Бергов не удержался и даже хлопнул в ладоши, мысленно замкнув тот круг, который он начал вычерчивать несколько лет назад. Вернулся в комнату, подвинул «Журнал наблюдений за экспериментальным развитием общества» и черной пастой, по белому, в уголке папки написал: «Эксперимент осуществлен полностью. Начинается массовое внедрение. Журнал закрыт». Проставил дату, подчеркнул каждое написанное слово и осторожно положил ручку на стол.
25
«Спаси, Господи, и помилуй старцы и юныя, нищие, и сироты и вдовицы, и сущие в болезнях и печалях, бедах же и скорбях, обстоянниих и плененных, темницах же и заточениях, изряднее же в гонениих. Тебе ради и веры православныя от язык безбожных, от отступник и еретиков сущие рабы Твоя, и помяни я, посети, укрепи, утеши, и вскоре силою твоею ослабу, свободу и избаву им подаждь…» – выводил отец Иоанн мягким, бархатным голосом, вкладывая в слова молитвы, как всегда это делал, душевную силу; они возносились вверх, оставляли после себя невидимый теплый след. Тепло молитвы обогревало храм и людей, приютившихся в нем. Делилось на всех поровну, не давая упасть духом и оставляя надежду на добрый исход. Отец Иоанн молился за всех жителей города, но особенно за тех, кто был сейчас в храме и жаждал спасения. Только словом мог он утешить несчастных к полудню.
К этому времени приели все съестное, кончился чай, в сторожке отключили воду, и кран пусто шипел. Догорели до основания свечи, а запаса их не оказалось. Лица людей за ночь осунулись, тревожно поблескивали глаза, и голосов, кроме голоса отца Иоанна, почти не слышалось. Малые ребятишки, проникшись тревогой взрослых, даже не плакали. Тревога эта дышала в двери храма своей неизвестностью, и от того, что она неведома, становилось не по себе.
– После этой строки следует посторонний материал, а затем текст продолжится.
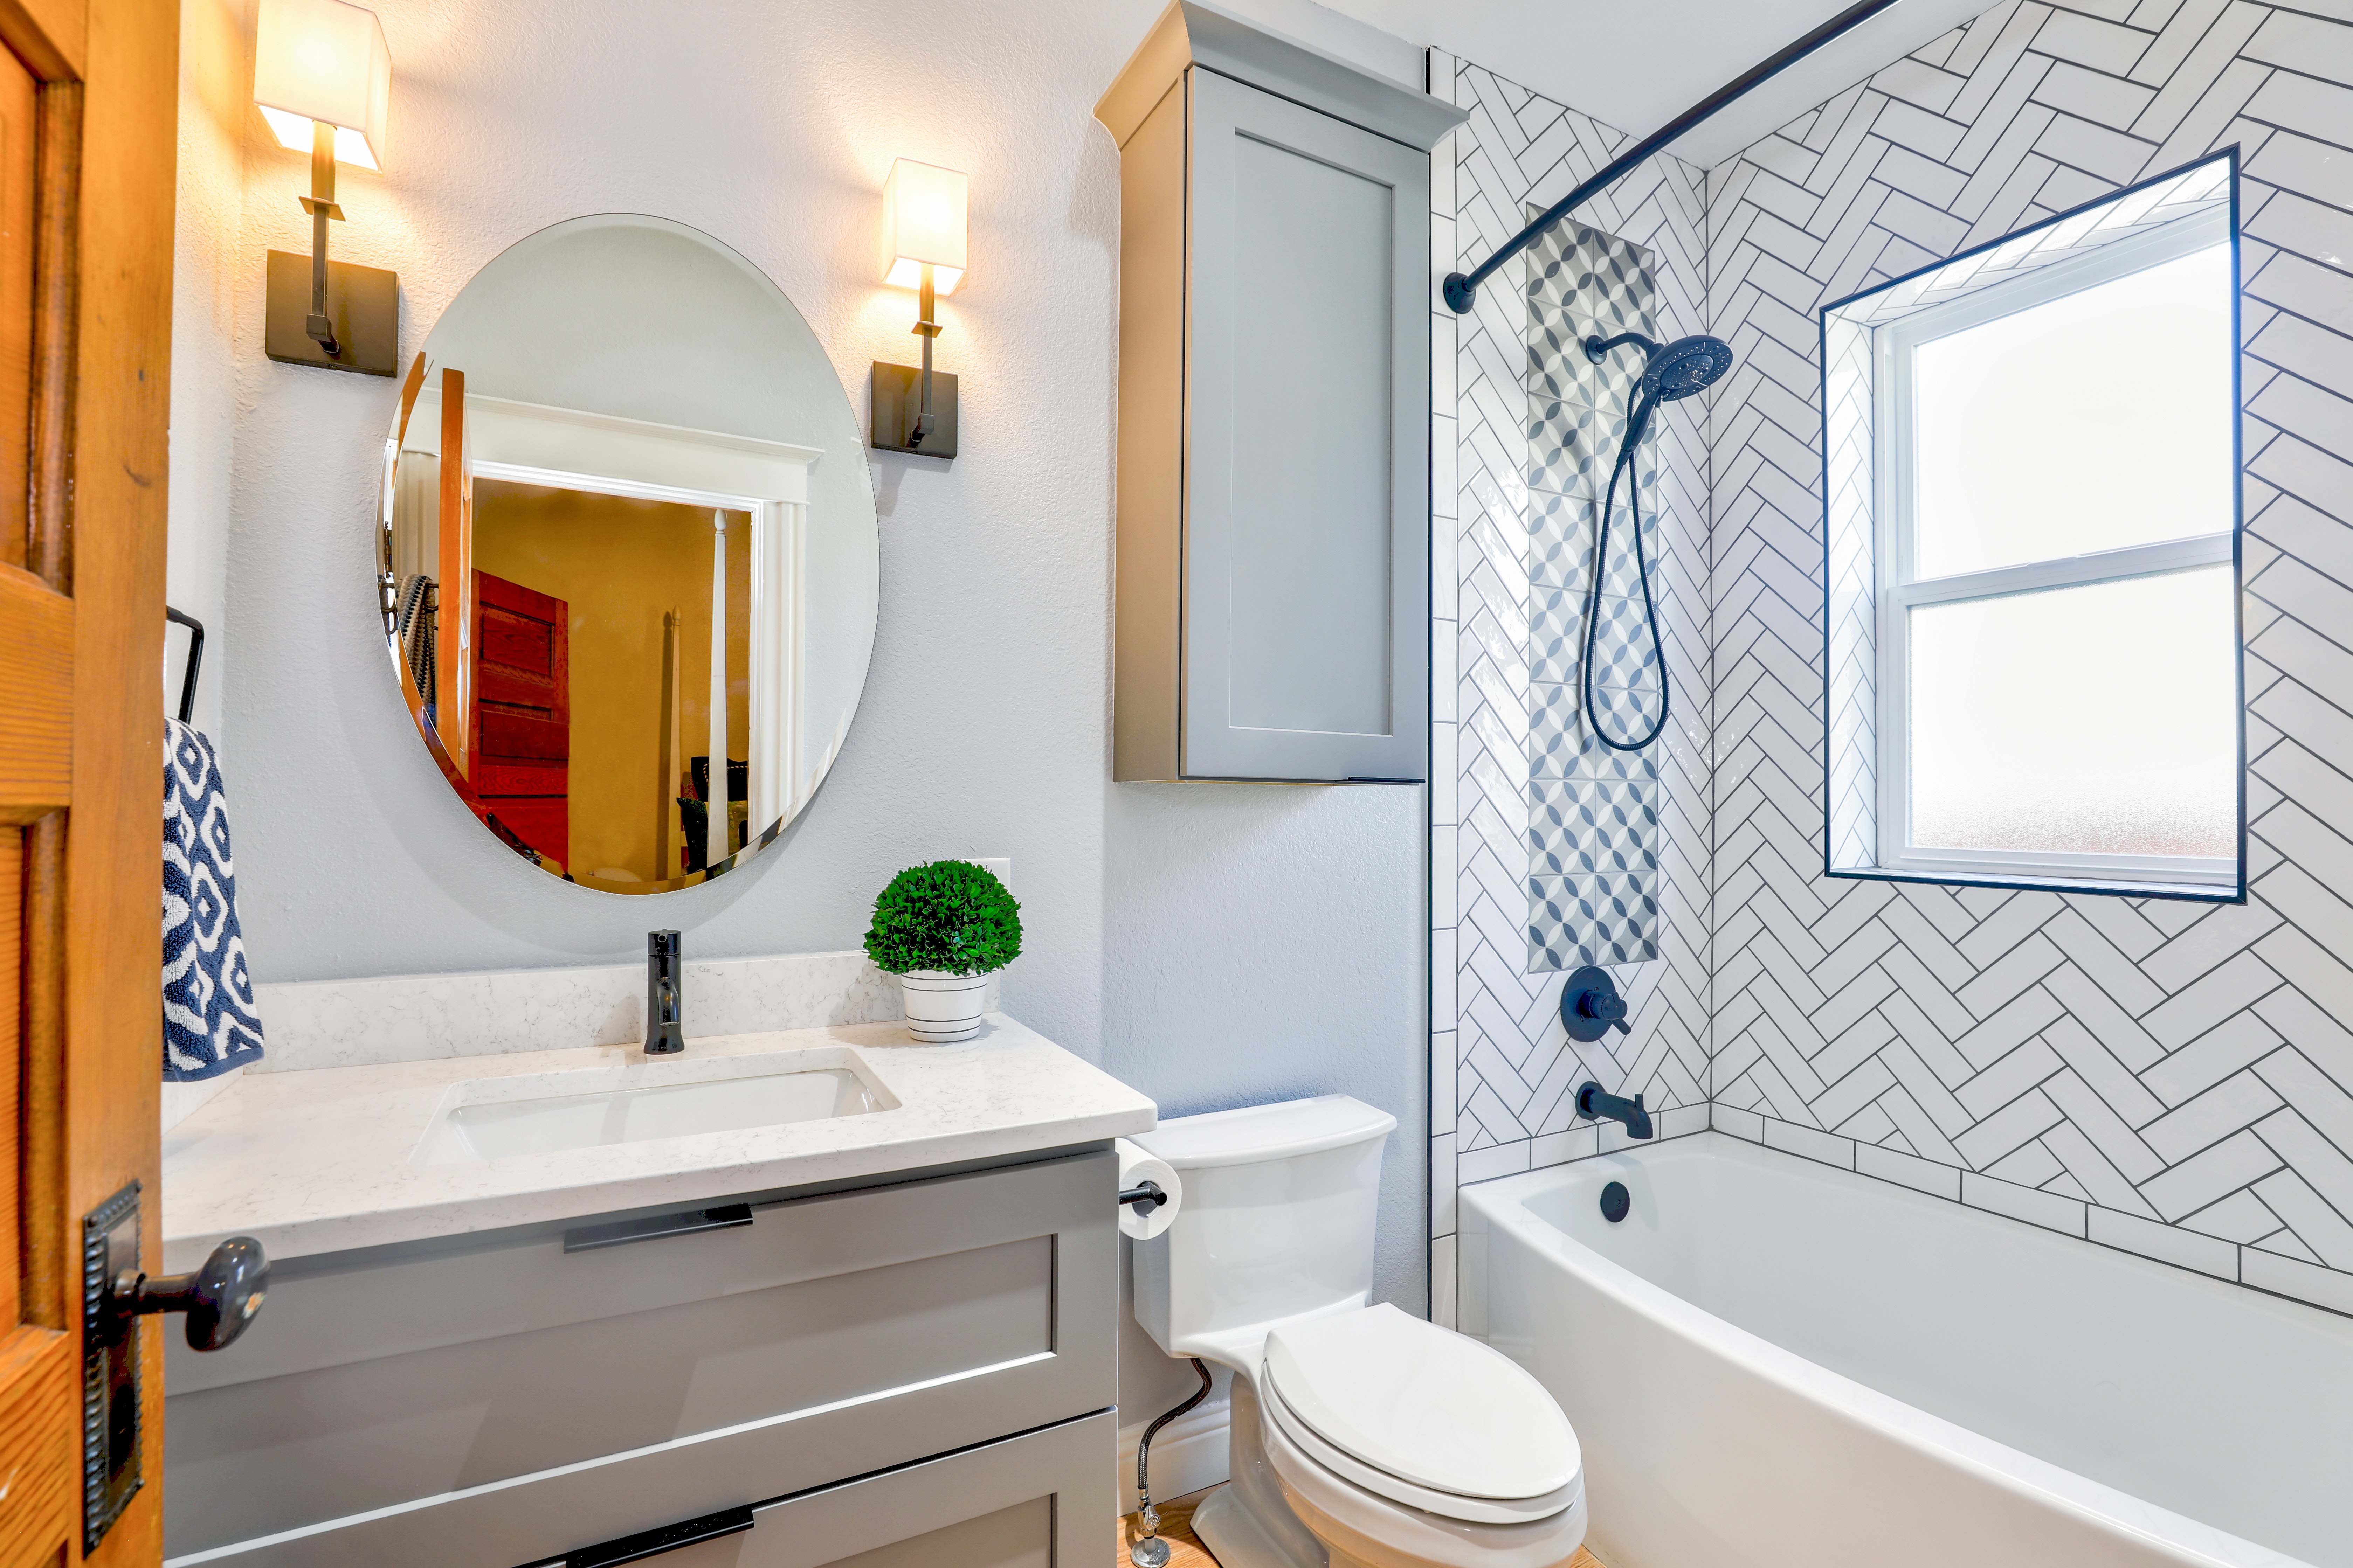 Bathroom budget remodel rennovations ideas 2020

Чувствовал опасность и отец Иоанн. За долгую свою жизнь он научился угадывать ее заранее и редко когда обманывался. Наступивший день таил угрозу, и он готовился к ней, чтобы встретить ее с твердым сердцем. Одно ему было хорошо ведомо: что бы ни случилось, он не бросит несчастных людей, сбежавшихся в храм. Разделит с ними любую участь.
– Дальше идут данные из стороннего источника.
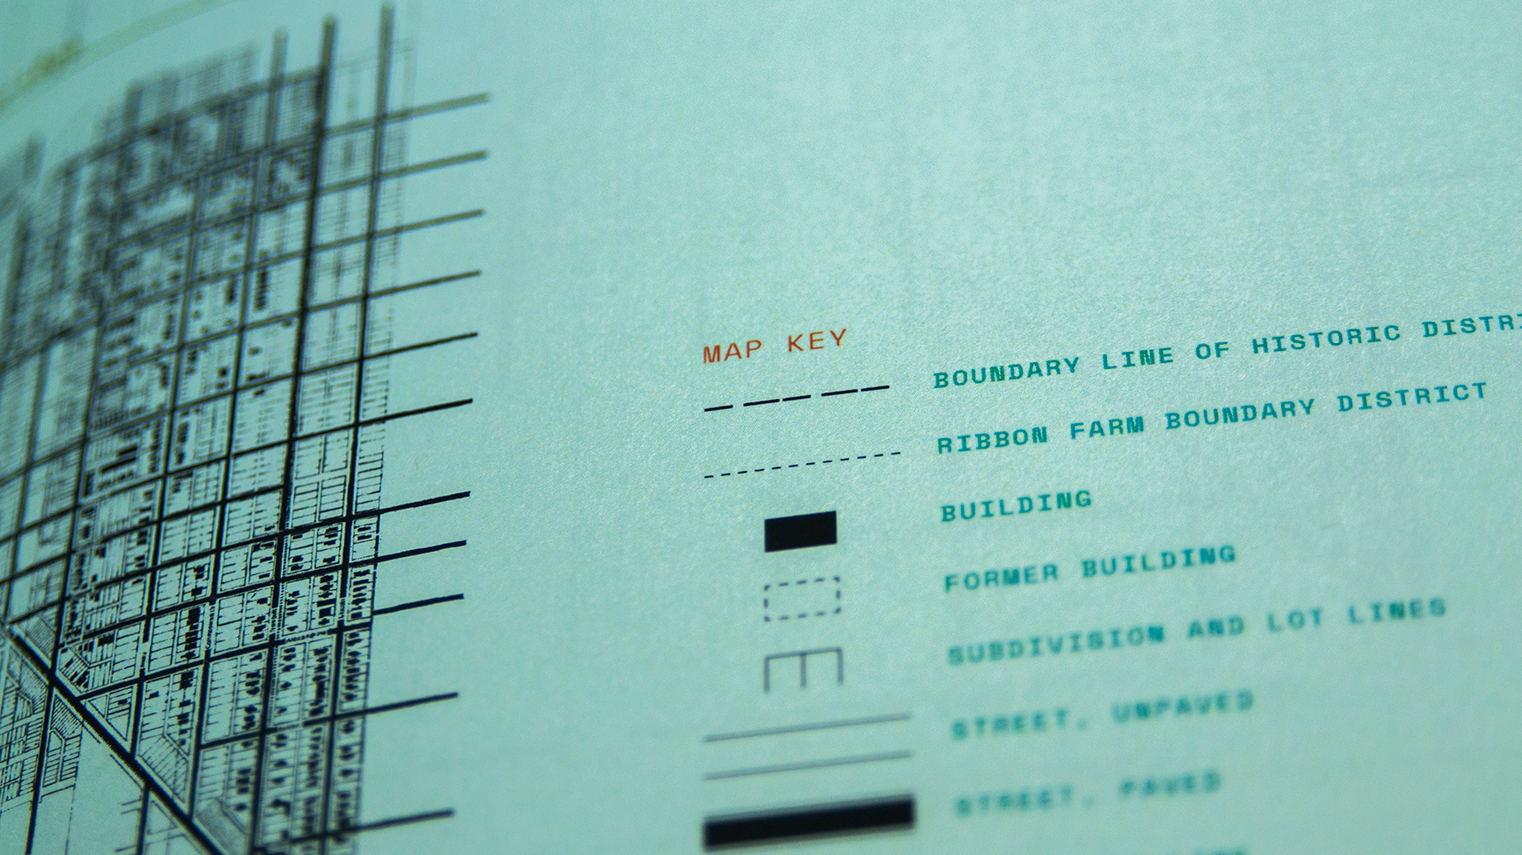 Detail of neighborhood maps with typographic key

Больше всего мучила неизвестность. Что творится за стенами храма, никто не знал.
А там, уже на подходе, росли на глазах, сбивались все теснее и голосили все громче людские толпы. Они набухали, как чирьи, вдавливались в края улицы и растекались вдоль по ней, вскидывая многоголосый хор. Мелькали активисты и твердозаданцы, санитары, натянувшие на себя оранжевые робы; не было только лишенцев и прорабов. Все, кто стремился по улице к храму, все до единого были охвачены страхом, опасаясь заболеть вирусом, и желали за этот страх расплатиться прямо сейчас. Удержать толпу уже ничто не могло, она текла, как бешеная река, прорвавшая запруду.
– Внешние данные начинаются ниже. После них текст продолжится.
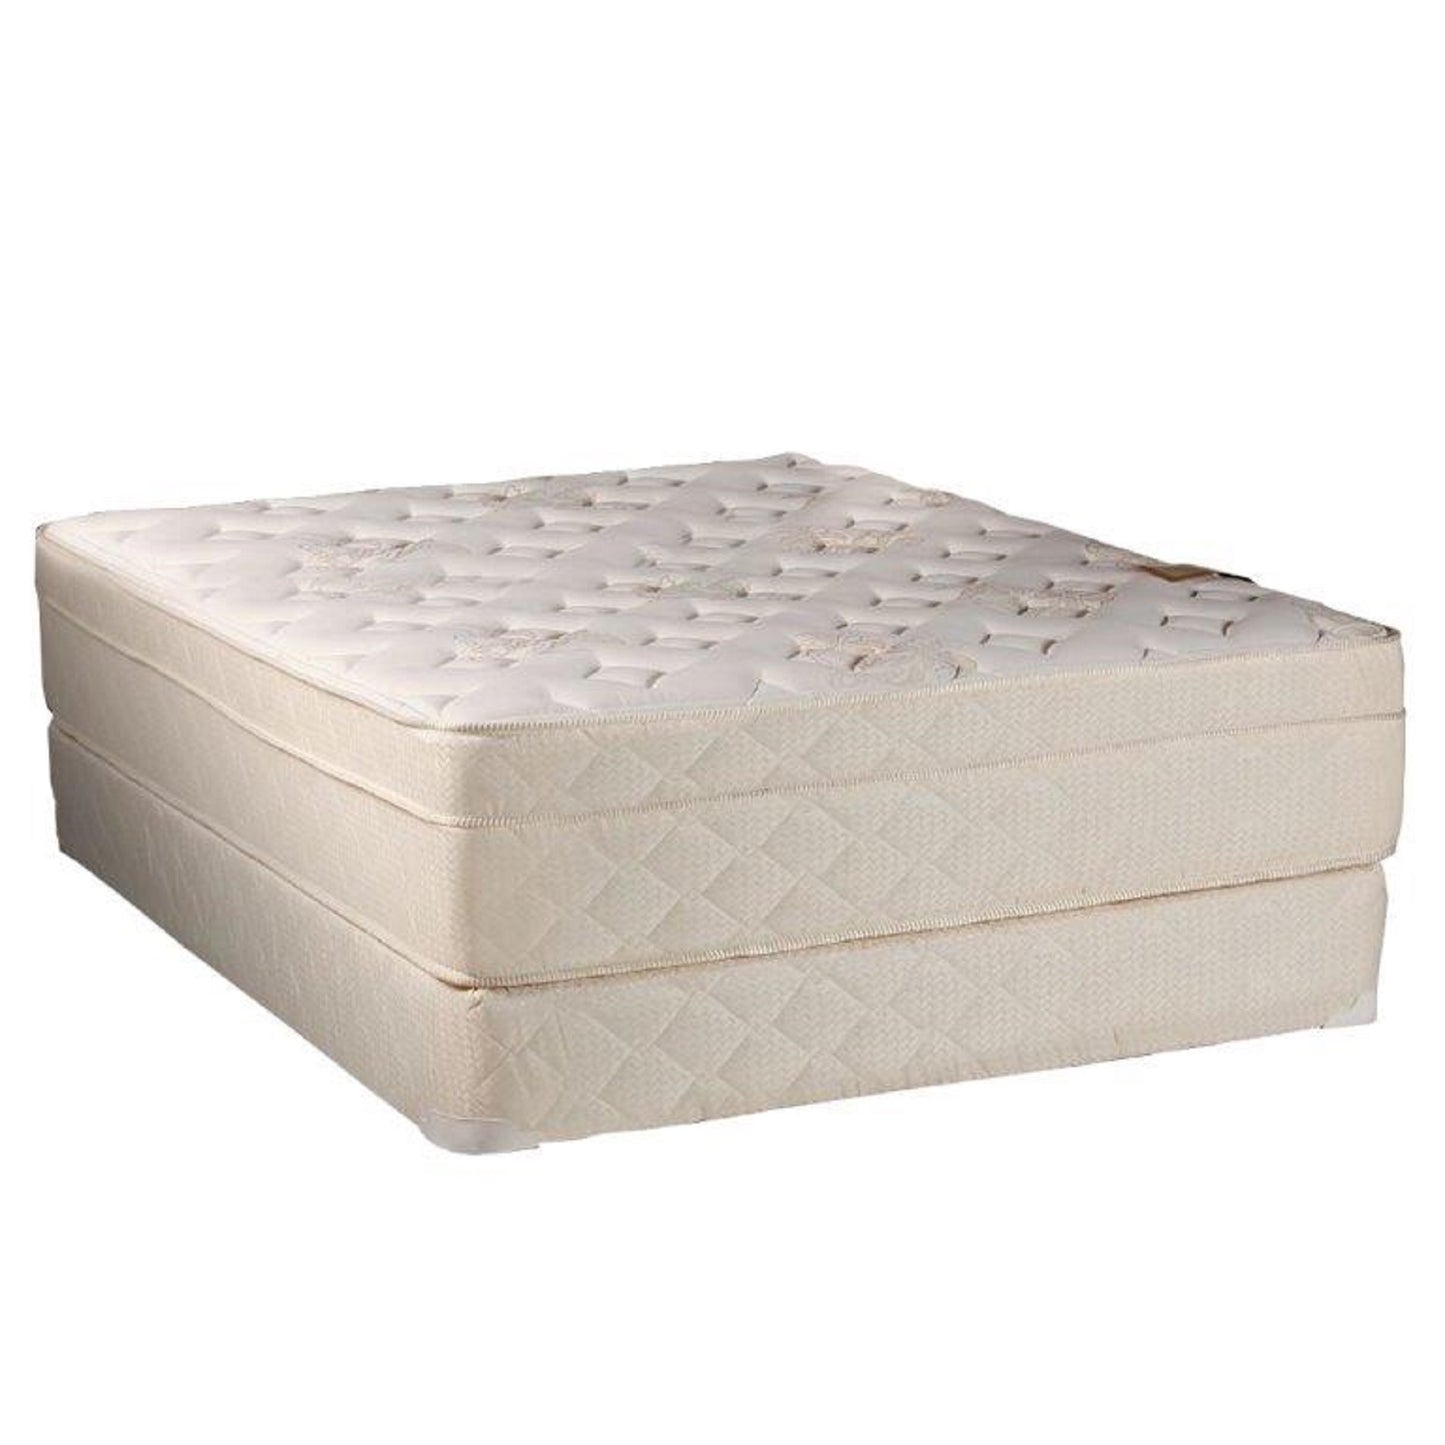 Beverly Hills Firm Foam Encased Eurotop (Pillow Top) Queen Size Mattress and Box Spring Set

Появились откуда-то железные крючья и деревянные шесты. «Чтобы не заразиться, руками за больных нельзя браться…» – прошелестела услужливая подсказка. Люди, которые ухватили шесты и крючья, оказались впереди всех. Они выставили свои орудия наперевес, будто ощетинились, и двинулись к храму. Многосотенный крик толкал их в спины, и они едва не срывались на бег. Скорей, скорей… Если бы кто-то замешкался в эти минуты или попытался бы остановиться, его бы просто смяли и растоптали – слитная, спрессованная толпа катилась густой и вязкой массой, остановить, задержать не было никакой возможности.
В храме еще звучала молитва отца Иоанна.
Юродивый, прикорнув у стены, опускался в легкую дрему. Его покачивало, баюкало, уносило полого вверх, и вдруг он, словно чьи-то добрые руки разжались и выронили, упал и очнулся. Вскинул глаза под своды храма, но сводов не увидел. Увидел совсем иное, будто перенесли его за короткое время полудремы в другое место.
Он увидел «Свободу», проник взглядом через ее стену и оказался в комнате, где сидел человек в наглухо застегнутой рубашке с металлическими пуговицами и листал разложенные перед ним бумаги. Там, в бумагах, были свидетельства прошлых жизней Юродивого. Он сразу догадался об этом, да и не могло быть по-иному: едва лишь человек перевертывал новый лист, как у Юродивого тут же начинала болеть какая-нибудь старая рана. По очереди, одна за другой. В той последовательности, в какой он их получал. Боль от неслышного шуршания бумаги вспыхивала нестерпимо.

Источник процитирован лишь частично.